The audit criticized the NSA's use of Section 702 of the Foreign Intelligence and Surveillance Act (FISA), which allows federal agents not only to surveil suspicious, non-Americans on foreign soil without the approval of a court or a warrant, but also permits agents to access sensitive information and communications of U.S. citizens if "a query is reasonably likely to return foreign intelligence information."
The report, which was given to Congress on Monday, "revealed a number of concerns" related to queries for information from government databases on American citizens suspected of being in contact with a foreign target, according to The Hill.
For example, selector information is required to be documented on a consistent basis, but this was not always done.
In addition, an NSA query tool failed to automatically prevent certain types of queries containing selectors known to be associated with an American.

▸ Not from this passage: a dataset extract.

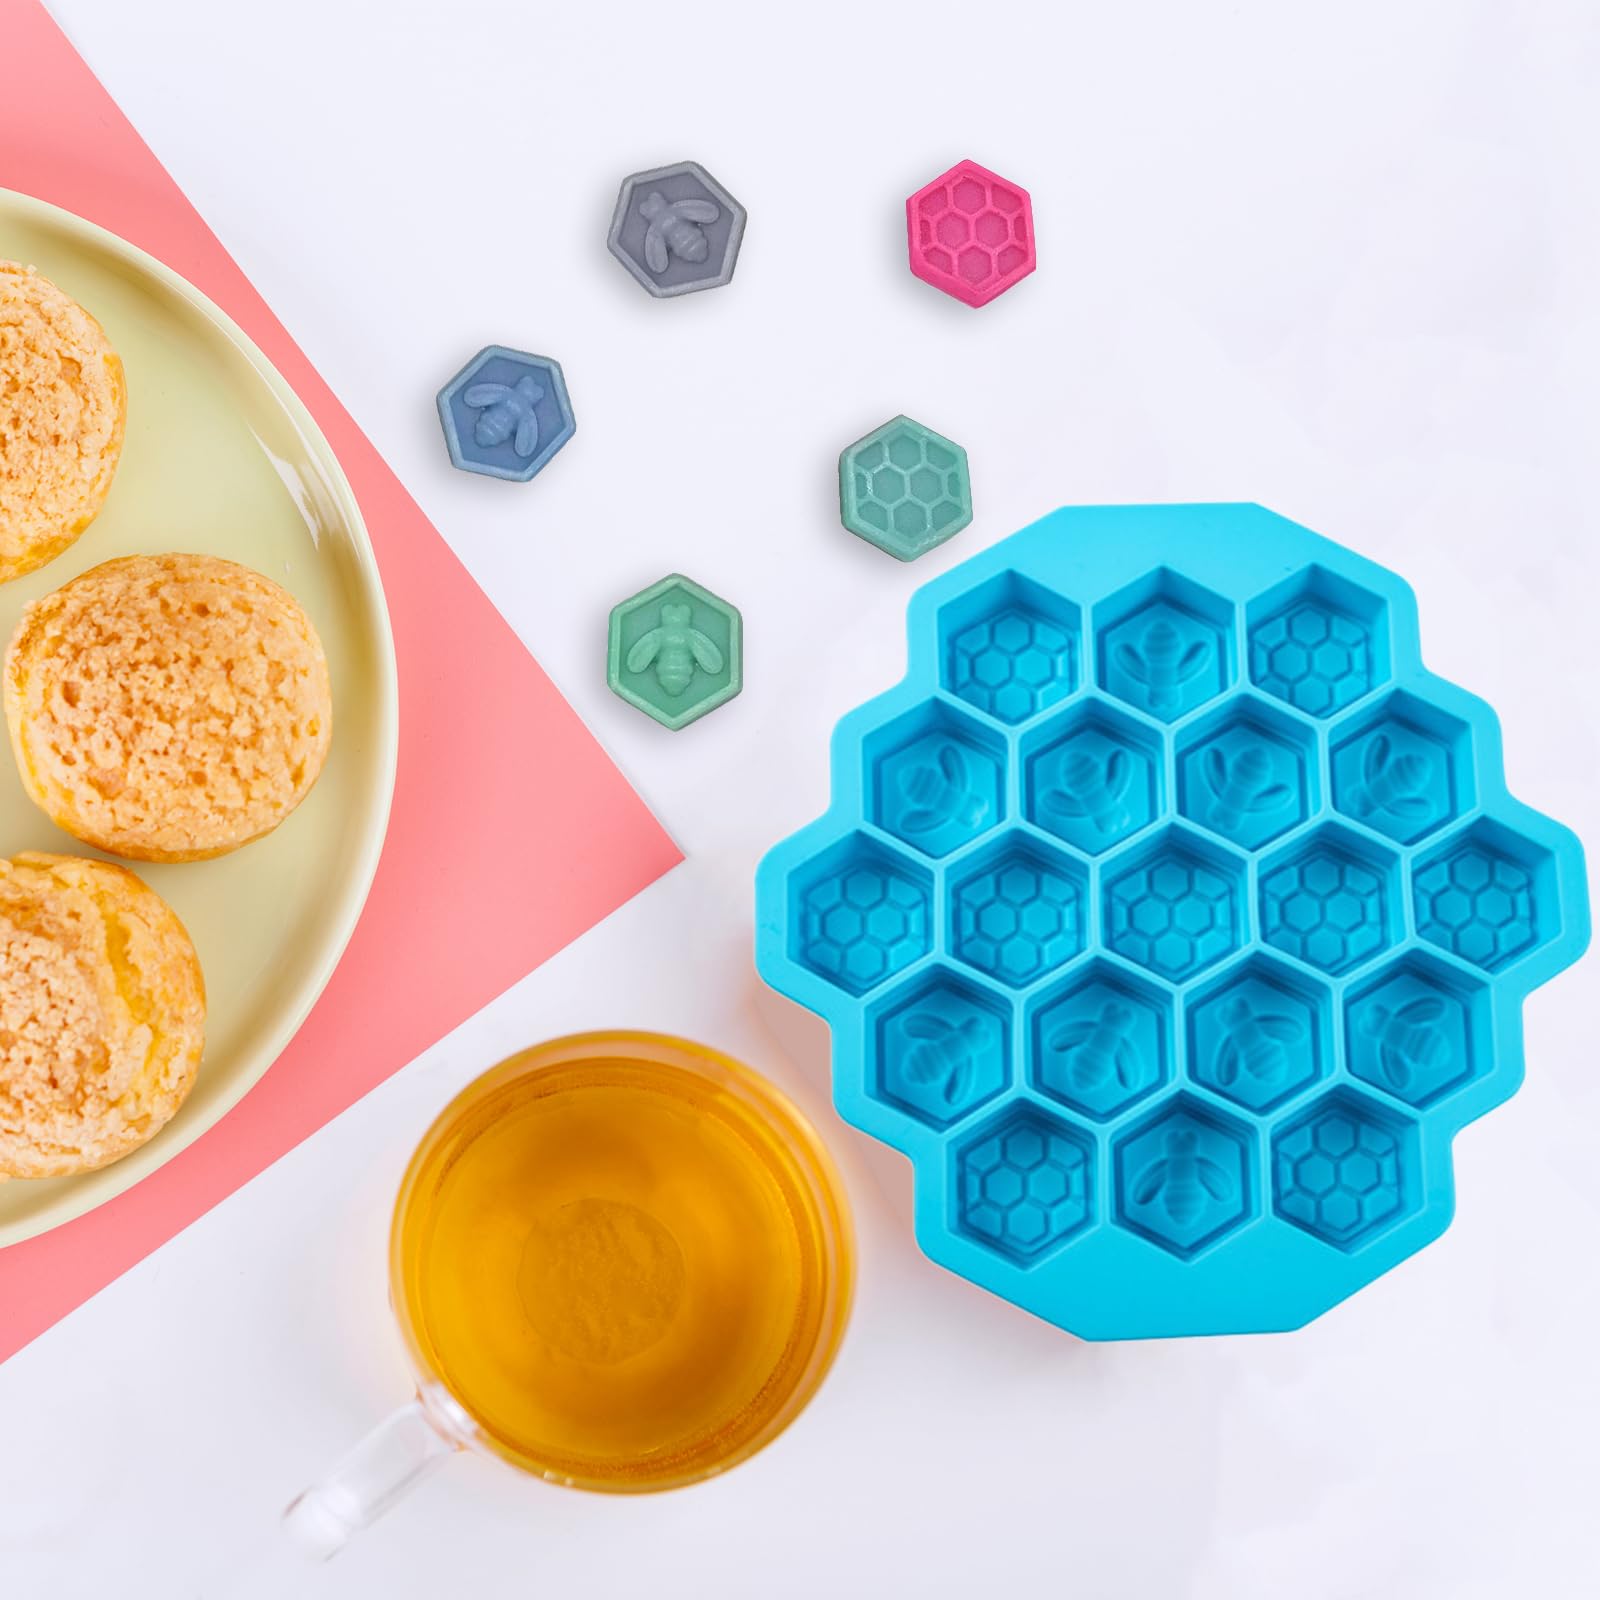 3PCS Silicone Molds Bee Honeycomb, LIOUCBD Non-Stick Chocolate Molds, 19 Cavities Cake Baking Moulds Food Grade Silicone Baking Molds for Candy, Jelly, Ice Cube, Soap (Pink, Blue, Green)

"The NSA remains fully committed to the rigorous and independent oversight provided by the NSA inspector general's office," an NSA spokesman said in a statement to CNN. "NSA continues to employ measures to assist analysts in conducting their work compliantly with civil liberties and privacies protections. As the OIG included in its report, the agency has in place multiple processes to aid in ensuring query compliance."
Congress enacted FISA in 1978 in order to establish guidelines for the government's collection of foreign intelligence information in the aftermath of the Watergate scandal.
Due to the 9/11 attacks, more amendments were enacted in 2008, including Section 702.